SAN FRANCISCO – The e-mail announcement for Kimetha Vanderveen at the Peter Mendenhall Gallery (February 11-April 1, 2023) reminded me of the afternoon I spent in his sunny studio at San Francisco’s Hunter’s Point shipyard in late October 2022. Until then, I don’t had seen her work only digitally, not in person. After an email introduction from a mutual friend, we met at a coffee shop in early February 2022 in Koreatown, New York. Although I had no idea when, or even if, I would be traveling again then, I told Kimetha that I would visit her studio the next time I was in San Francisco. Something about the modest scale of the work and the evocation of light through materiality piqued my curiosity. This is how, six months later, I found myself in his studio.
As Vanderveen began showing me his works, many of which were nuanced monochrome oil paintings on panels less than eight by eight inches, I came back to a question posed by Joe Brainard and Thomas Nozkowski: how big should it be? a work of art ? ? While many abstract artists working in monochromatic fashions certainly made larger pieces, I didn’t think Vanderveen’s works needed to be larger. What was it about them that required them to be small?
We often think of monochrome paintings as a solid field of a single color. Vanderveen does something different. She paints a pale color over another so that the traces of the previous layer show slightly. In one work, I found myself focusing on a brushstroke that moves across the surface, gently and precisely, causing the color to change slightly on either side. Vanderveen is a tonalist. His paintings speak of the interplay of materiality and light, of the connection between the palpable and ephemeral world in which we live.
Vanderveen wants the viewer to scrutinize his paintings, to become aware of the changes in tones and gradations, as well as the interaction between the paint and the light emanating from its material surface. These are meditations on the passage of time, which in my opinion is the essential subject of his work.
As soon as I saw the watercolors that Vanderveen had placed on the table in front of me in his studio, I wanted to write about them. The 15 watercolors, each measuring five by seven inches, were all done near a lake in Camden, Maine, in a matter of hours in the summer of 2022; it started early in the morning and ended in the middle of the afternoon. They are a quietly joyous journal of the changing light and the passage of time. At the same time, the sense of passage of time and estrangement from the material world introduce notes of loss and mourning into each view.

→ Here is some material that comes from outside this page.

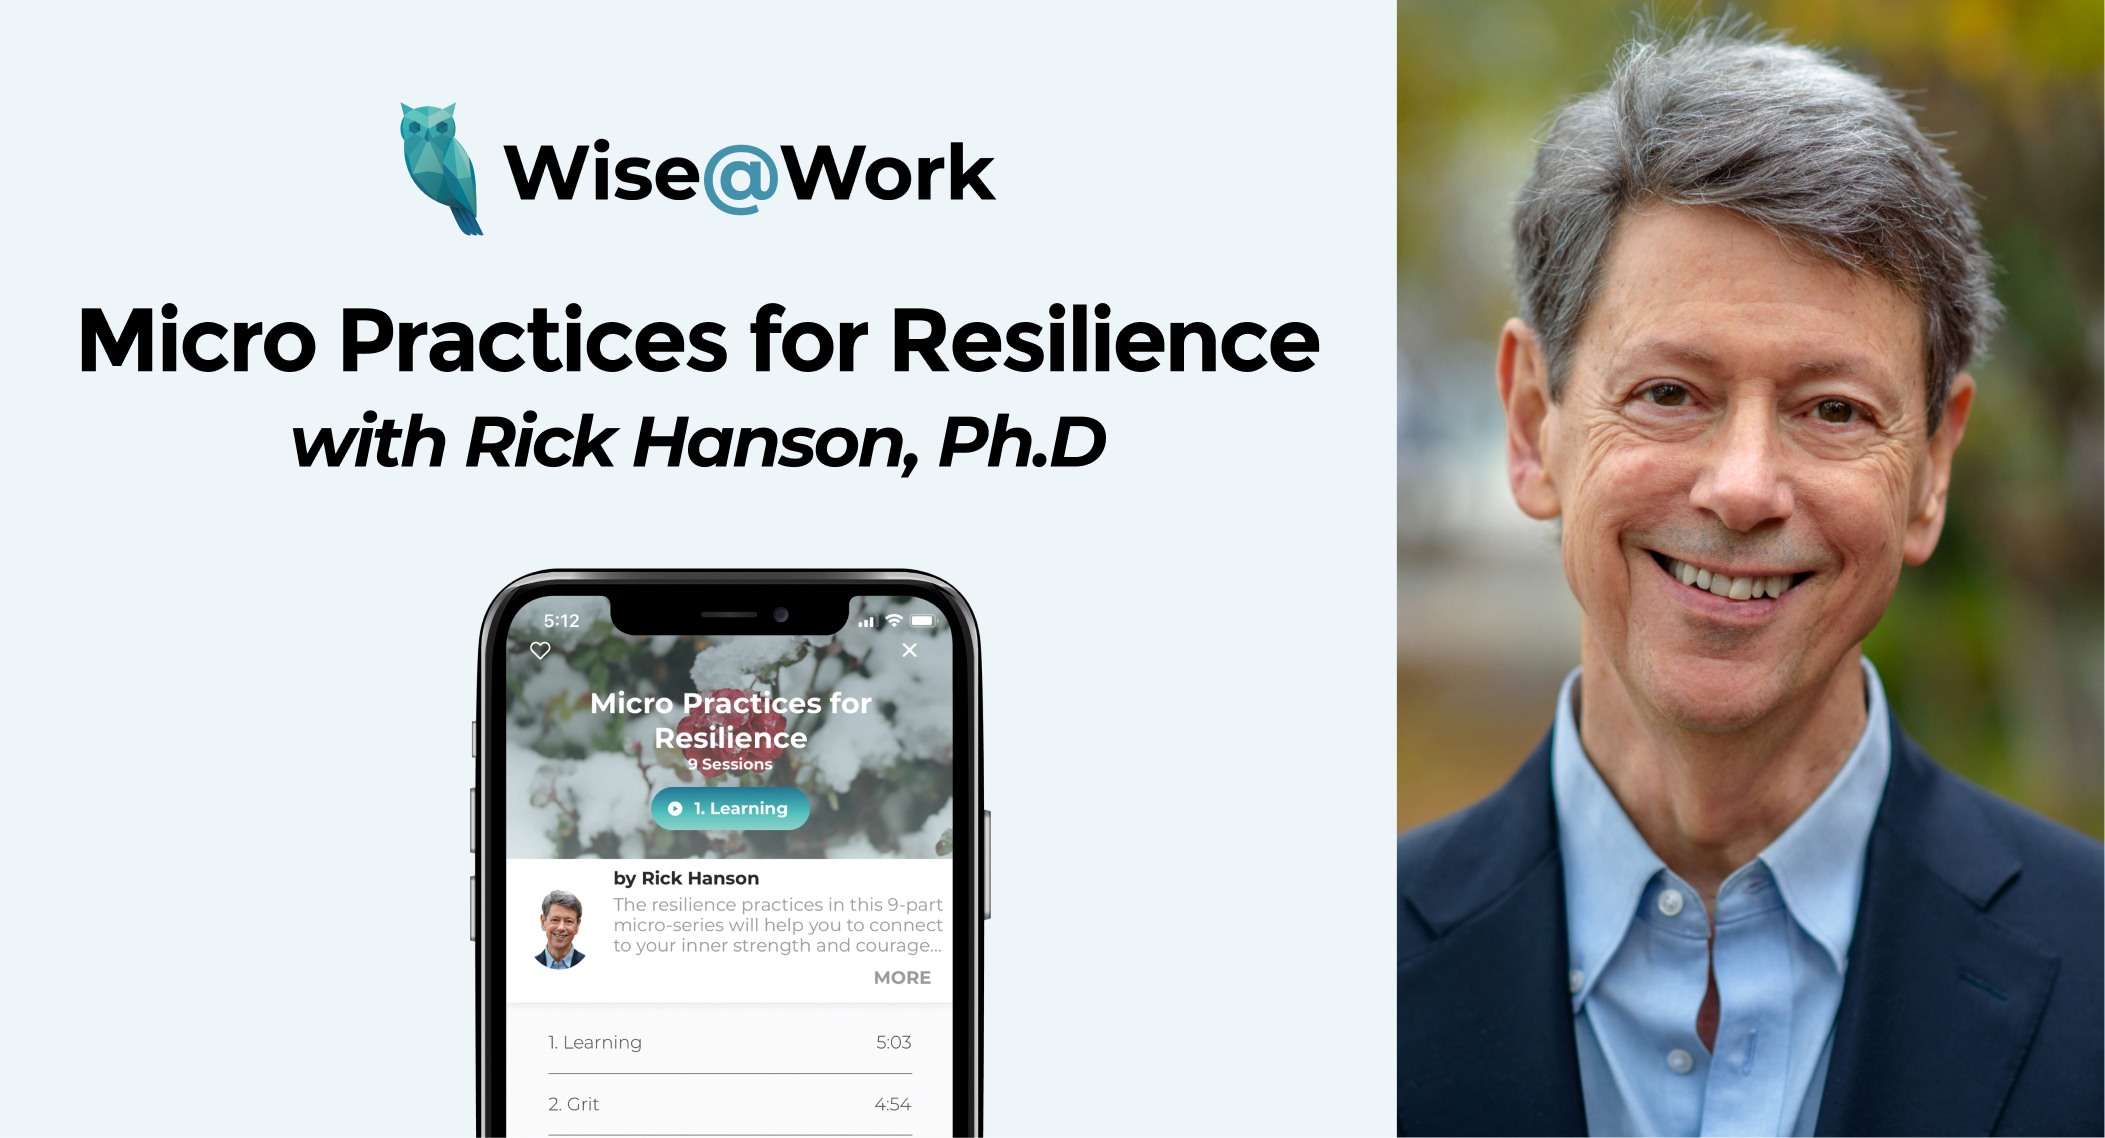 Rick Hanson on the Wise@Work App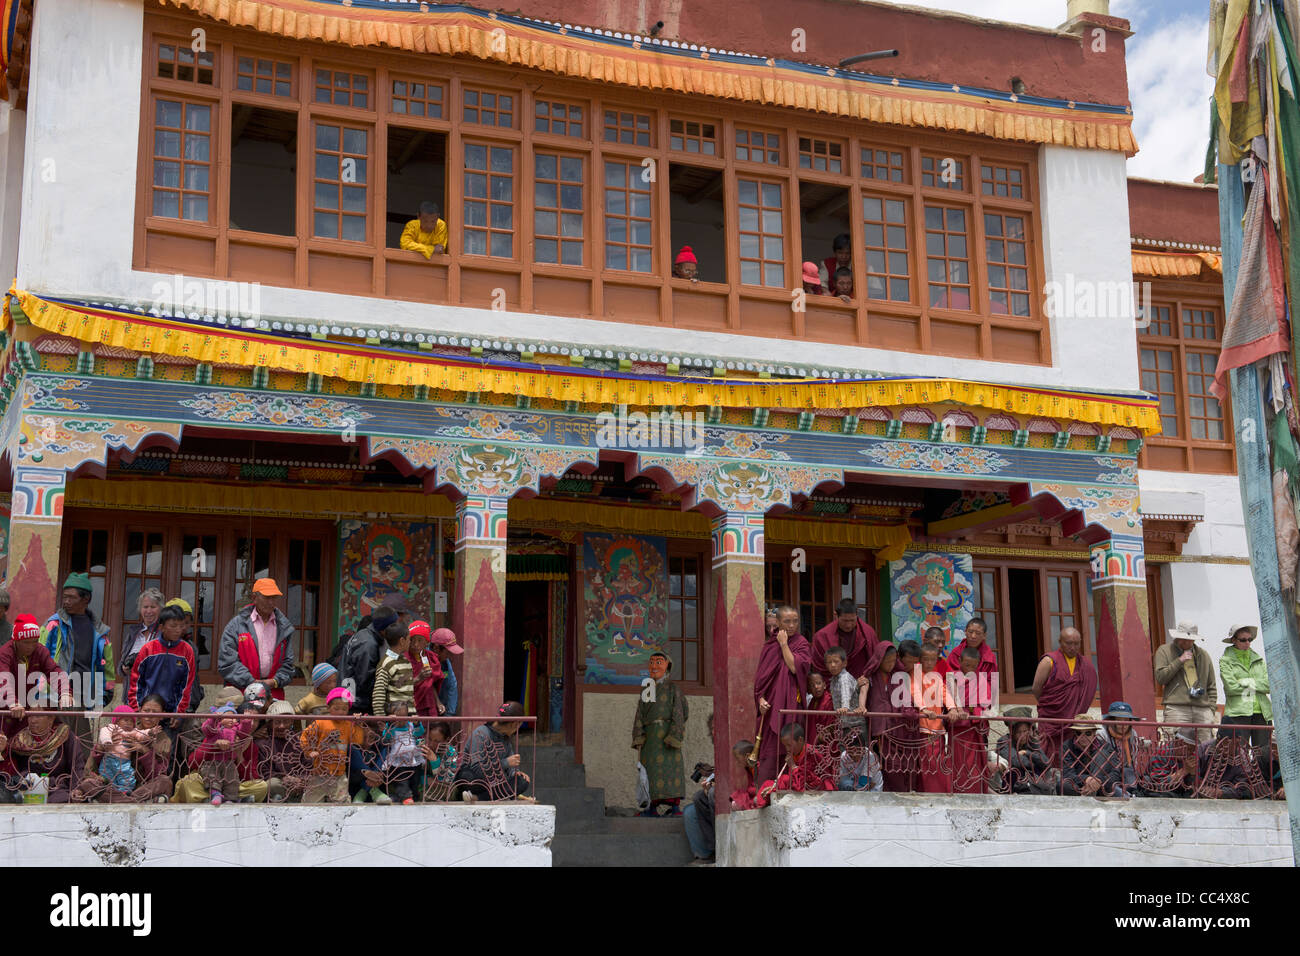 Monks and Chang-pa nomads watching the dancing at the Korzok Gompa, Korzok Gustor festival, Lake Tsomoriri, (Ladakh) Jammu & Kashmir, India Stock Photo

Vanderveen divides the horizontal format into three areas: lake, hills and sky. The middle stripe is usually the darkest in color and the most defined in shape. The perspective changes throughout, as the artist shifts position slightly or looks in a different direction. She seems to have used only four pale colors in all the works: grey, blue, green and yellow. The surface of the paper is still visible. As she used a brush, the puddles or dried spots show no sign of her hand. Some works approach representation, while others only became cohesive as landscapes after I remembered what I was looking at – and even then I wasn’t always sure what I was looking at. saw. This sliding seems to me crucial for the paintings. Vanderveen is not so much trying to name something as portraying – in these works at least – change and impermanence, the passing moment. While the watercolors are meant to be reminders, a retelling of a day spent by a lake in Camden, they also speak of a world fading from sight and the failings of memory. The modestly sized watercolors oscillate between form and dissipation. I remembered the first stanza of Henry Vaughn’s poem “They are all gone into the world of light”:
They are all gone into the world of light! And I alone sit ling’ring here; Their very memory is fair and bright, And my sad thoughts doth clear.
That’s why I kept looking at Vanderveen’s paintings and watercolors, and why they stuck in my mind.
Kimetha Vanderveen continues at the Peter Mendenhall Gallery (180 South Lake Avenue, Suite 110, Pasadena, CA) through April 1. The exhibition was organized by the gallery.